Jaydeen bukan hanya sang pemilik perusahaan, tapi dia adalah orang yang sangat kompeten dan tidak main-main dalam menangani perusahaannya. Terbukti perusahaan tersebut memiliki banyak cabang di setiap provinsi di Indonesia, dan negara-negara di dunia. Makanya di usianya yang sekarang, dia bisa menjadi seorang milioner. Walaupun dia jarang berada di kantor pusat ataupun kantor cabang, tapi dia bisa menghandle pekerjaannya dimanapun dia berada. Apalagi dia didampingi oleh orang yang berkemampuan seperti Jack. Mereka merupakan kolaborasi sempurna pemuda tampan dalam mengelola bisnis perusahaan. 

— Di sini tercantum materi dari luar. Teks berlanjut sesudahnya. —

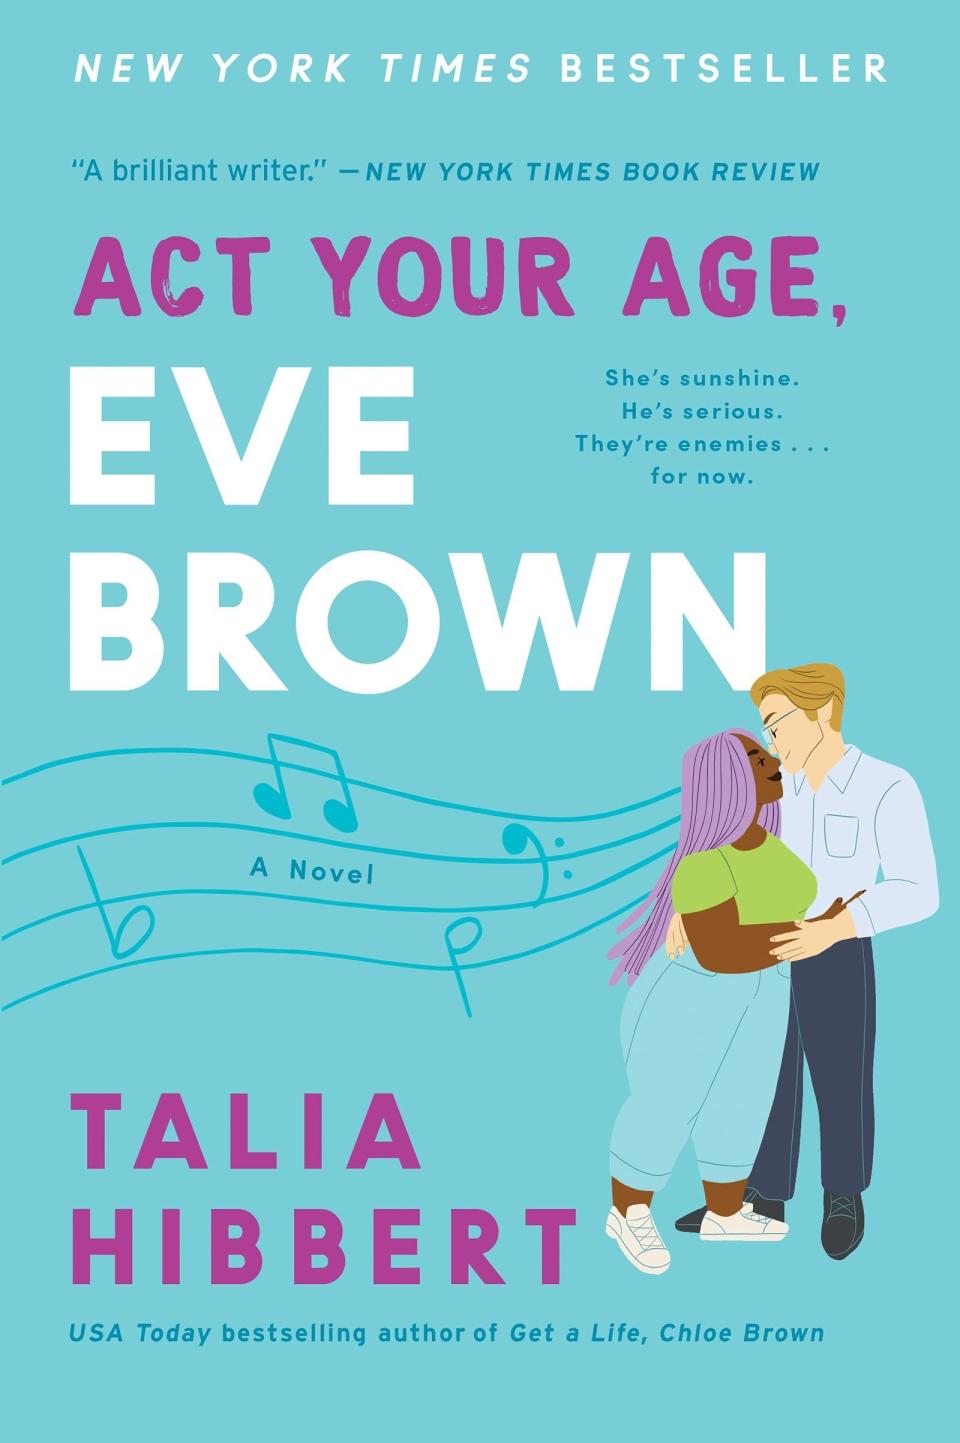 In the final book of Talia Hibbert's beloved Brown Sisters series, we meet the chaotic, purple-haired, sunshine in tornado form Eve Brown as she sunshine-spins her way into Jacob's bed and breakfast (and life). Jacob is icy, serious, and means business. He tries to resist her charms at first, but there's no denying their magnetic pull to each other — a strong force which may also be the reason Eve accidentally hits him with her car. Oops! Get it from Bookshop or a local bookstore through Indiebound here.

“Hemm, oke deh. Aku lagi.. Aku lagi.. Btw, mana keponakanmu? Nggak kelihatan dari tadi…” Tanya Jack penasaran dimana keberadaan gadis kecil yang selalu nempel dimanapun Jaydeen berada. 

“Ooh, dia lagi makan snack di ruang tengah. Lagi asyik nonton kartun kotak kuning…” Jawab Jaydeen sekenanya sembari menelaah dokumen yang dibawakan oleh Jack tersebut, membacanya dengan penuh perhatian. Ketika merasa yakin, Jay pun menandatangani dokumen tersebut dan menyerahkannya kembali ke Jack untuk disimpan dalam tas kerjanya. 

“Om Jack, kapan kemari?” Tanya Evelyn yang tiba-tiba hadir di tengah obrolan bisnis pamannya tersebut. 

“Hey, honey.. Om kangen deh. Sini peluk om dulu. Udah lama kita nggak jumpa kan? Hehehe…” Jack pun merentangkan kedua tangannya untuk memeluk gadis kecil yang masih asyik mengunyah snack favoritnya tersebut. Apalagi kalau bukan Chitatoss.

Mereka pun berpelukan, dan tak lupa Jack suka sekali menguyel-nguyel pipi kopanakanku tersebut membuat si empunya merasa geli sekaligus sebel dibuat tingkahnya. Diam-diam aku pun tersenyum senang melihat aksi mereka. 

“Gimana kalau kita keliling taman komplek, kebetulan cuacanya lagi mendukung nih. Sekaligus jalan-jalan sore…” Ajak Jack kepada paman dan keponakannya tersebut. 

“Jangan ngadi-ngadi, nggak lihat aku baru landing? Nyetir mobil sendiri berjam-jam. Salahkan sekretaris yang suka banget lelet jemput bosnya..” Tolak Jay tak lupa menyindir si sekretaris yang tak pernah merasa bersalah dengan ulahnya itu. 

“Halah, gitu aja kau ngambek. Yaudah, kalau gitu aku jalan-jalannya sama Evelyn saja. Mau kan sayang?” Tanya Jack kepada Evelyn yang masih anteng duduk di pangkuan sahabat pamannya itu. 

“Aku mau om, lagian aku bosan disini terus. Yuk, om.. Entar keburu maghrib..” Evelyn pun mengajak Jack pergi dengan segera menarik tangan Jack untuk beranjak dari kursi santainya. 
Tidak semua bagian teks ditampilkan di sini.